#### [DATA SEGMENT]

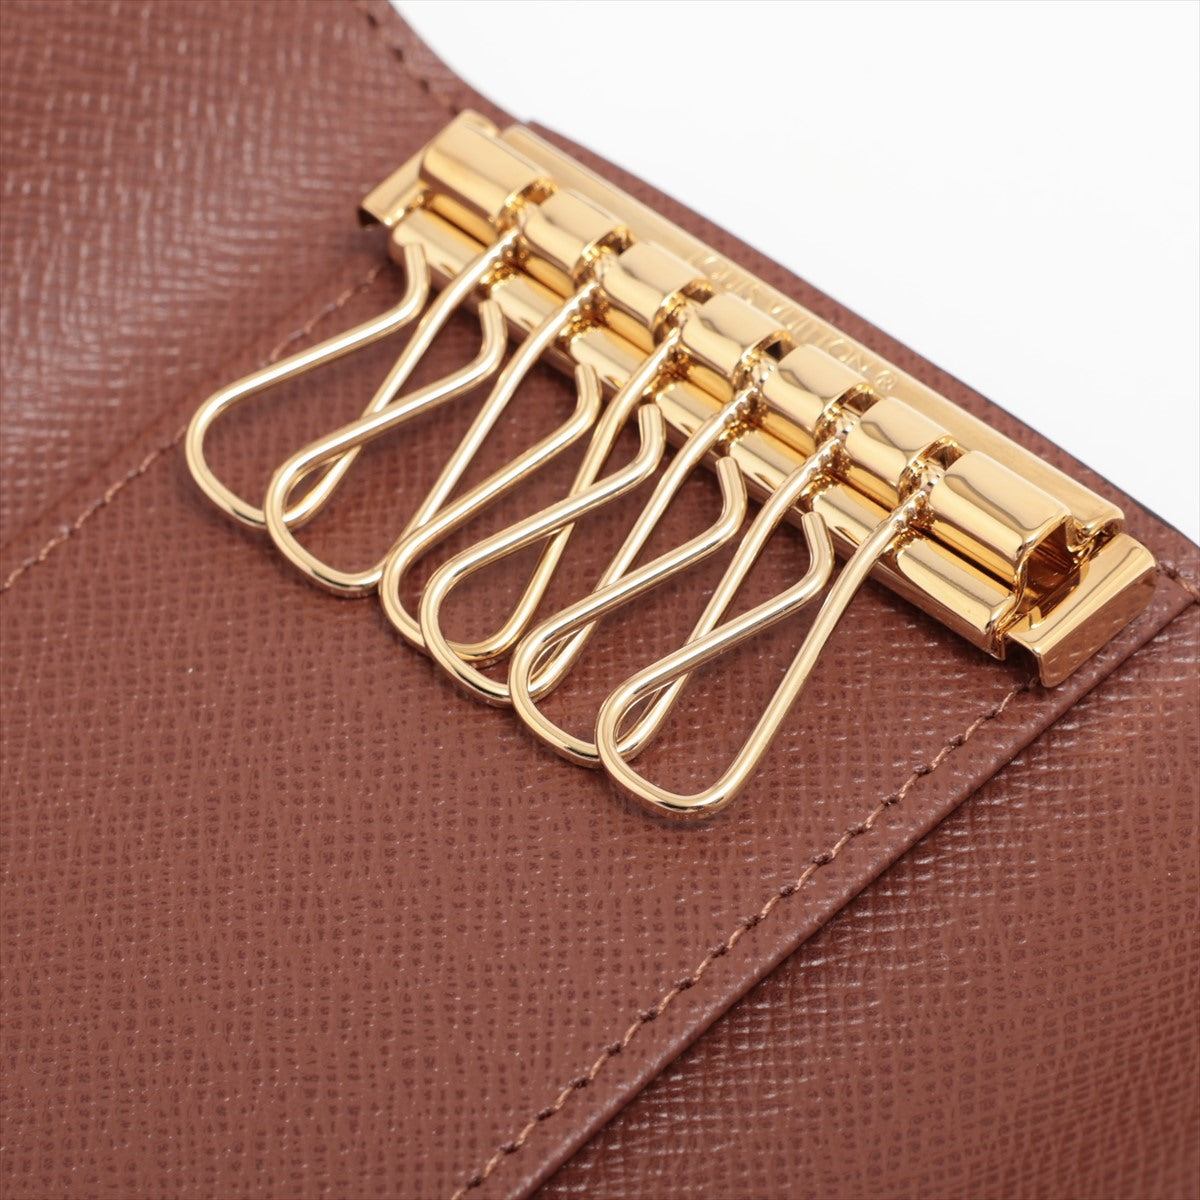 Louis Vuitton Monogram Multiclés 6 M62630 Brown Key Case
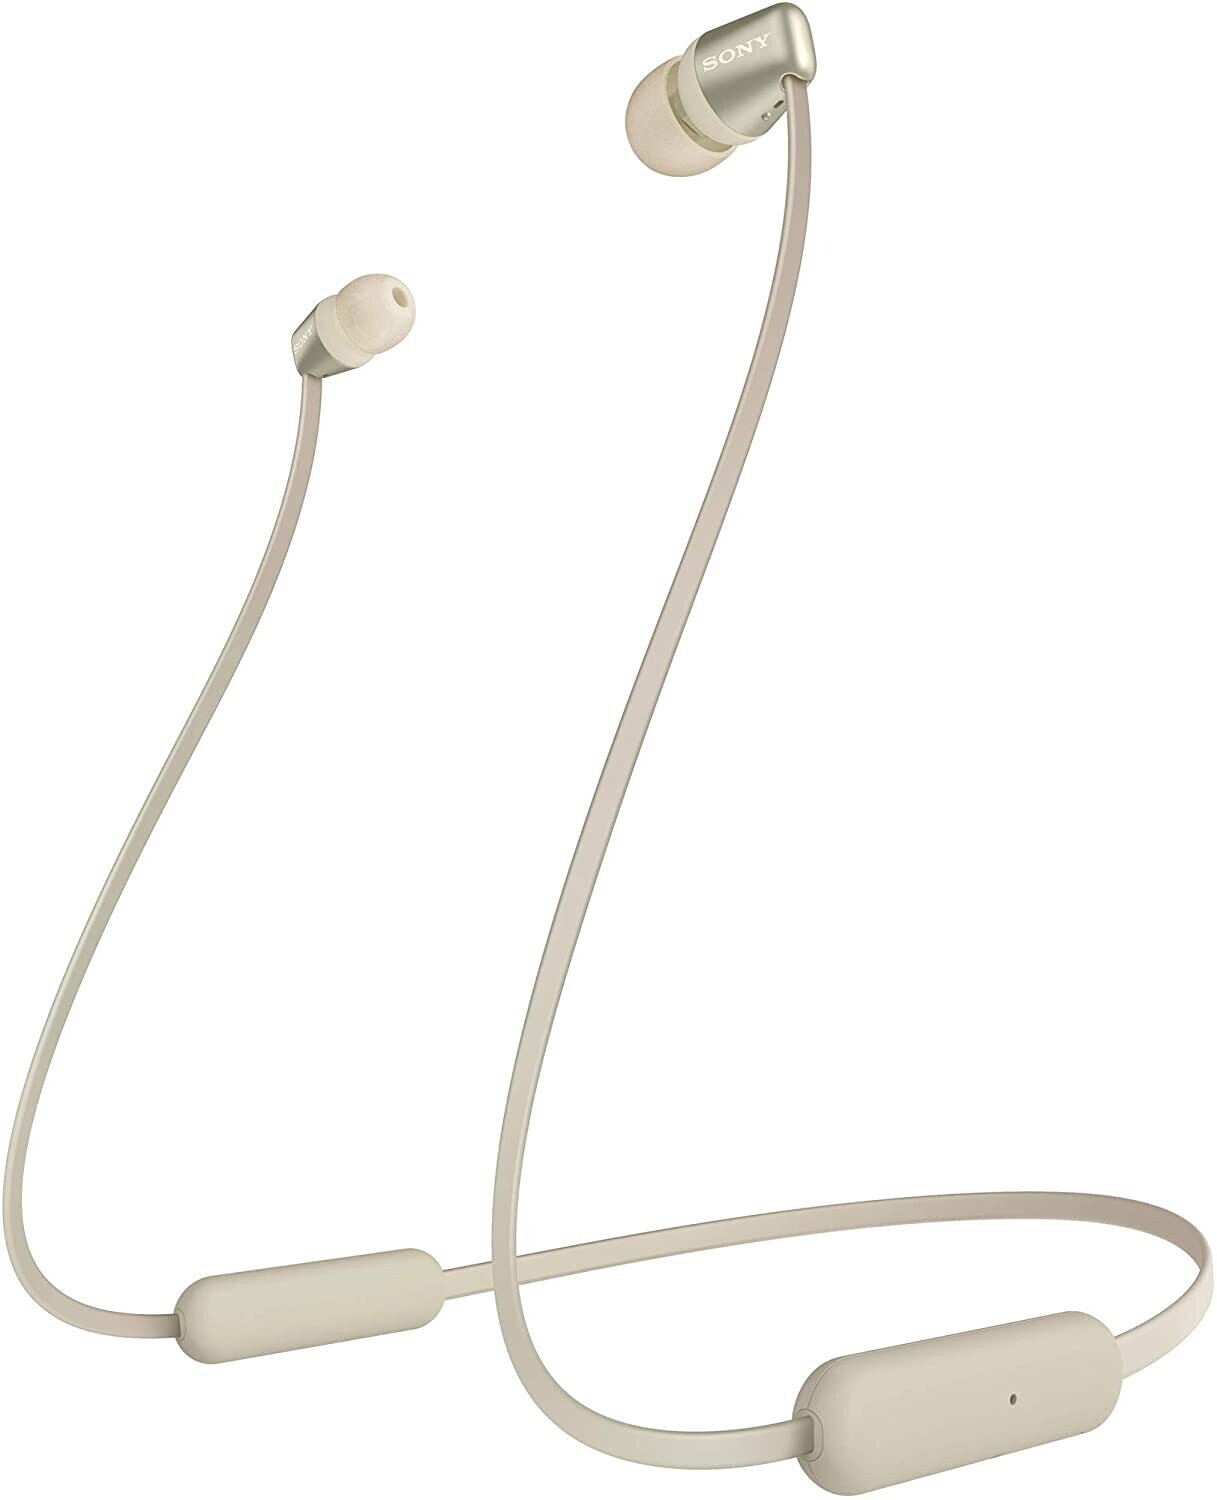 Sony WI-C310 Wireless in-Ear Headphones, Gold
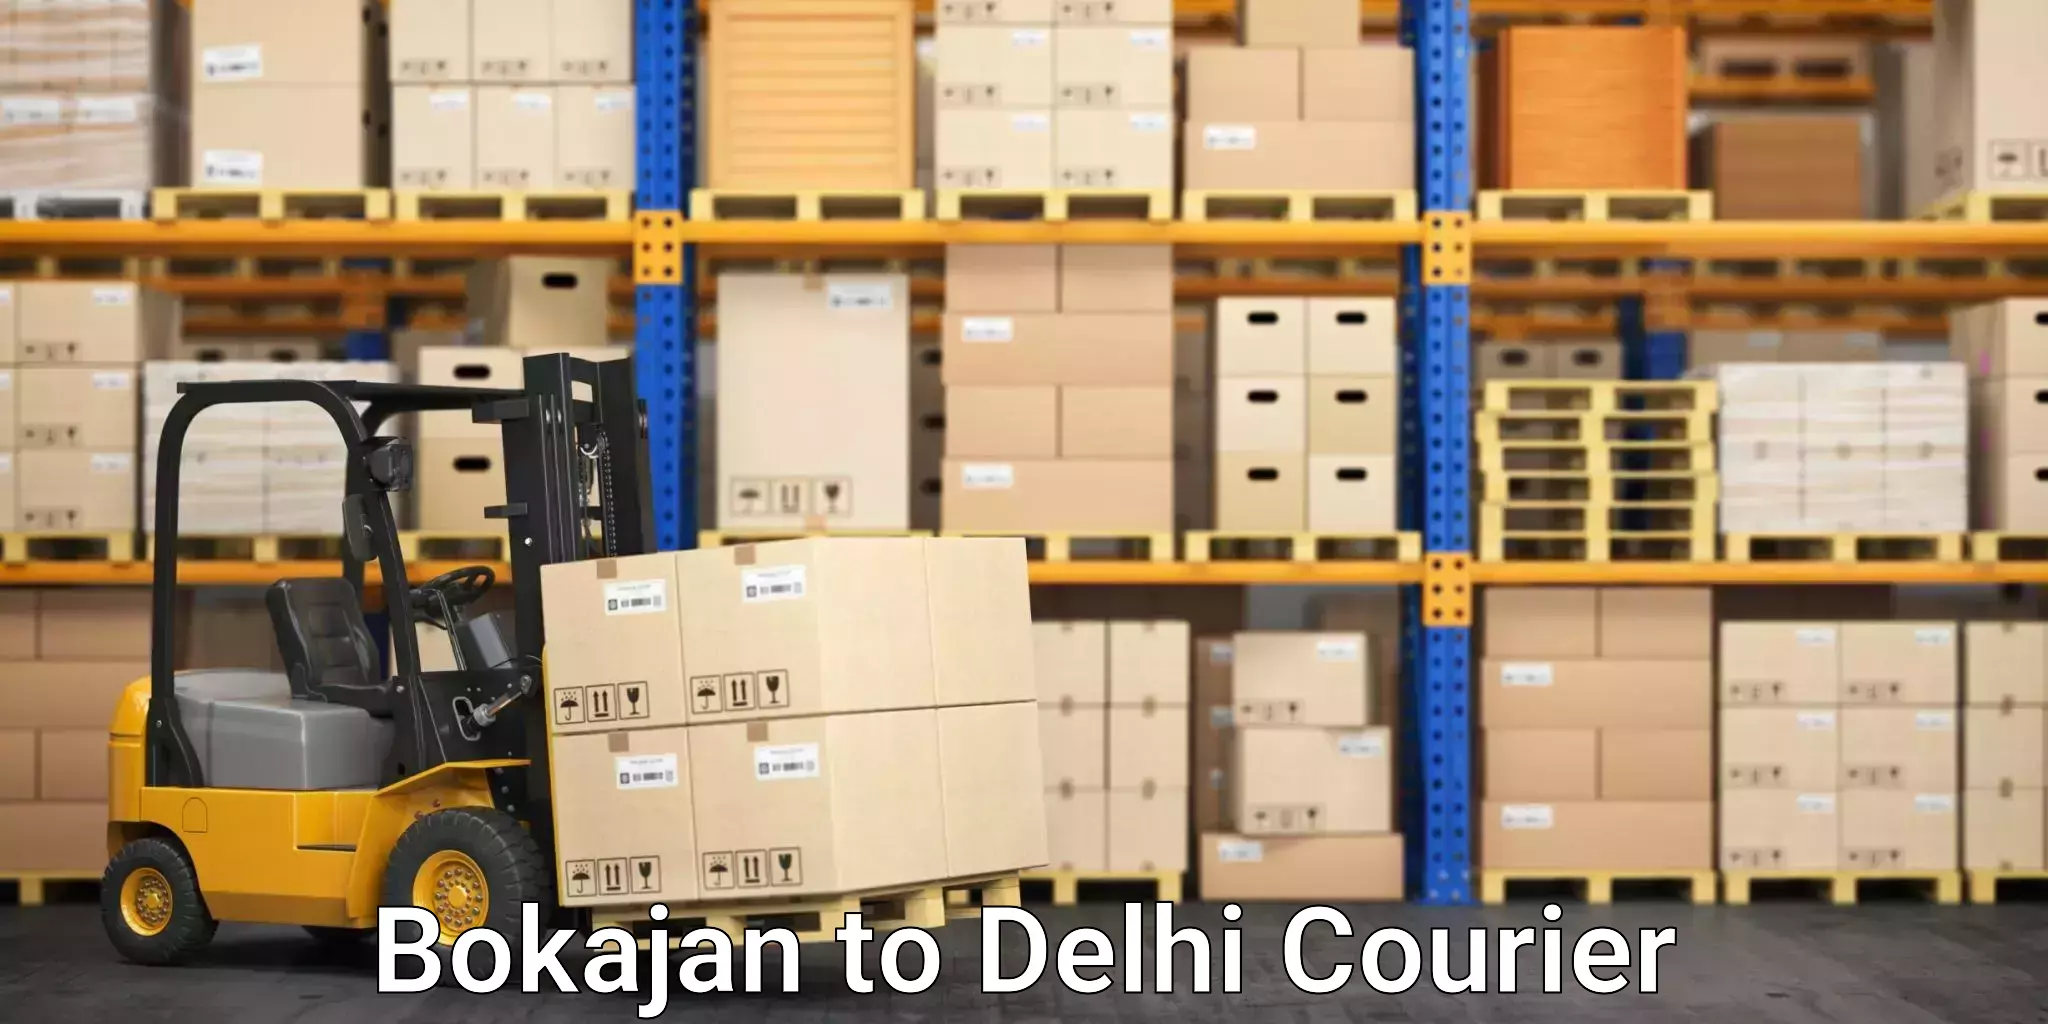 Courier service booking Bokajan to Delhi

#### [TASK GOAL]
Everything in the listing should be copied exactly, apart from the images it holds.

#### [EXERCISE RESPONSE]
 Louis Vuitton Monogram Multiclés 6 M62630 Brown Key Case
 Sony WI-C310 Wireless in-Ear Headphones, Gold
 Courier service booking Bokajan to Delhi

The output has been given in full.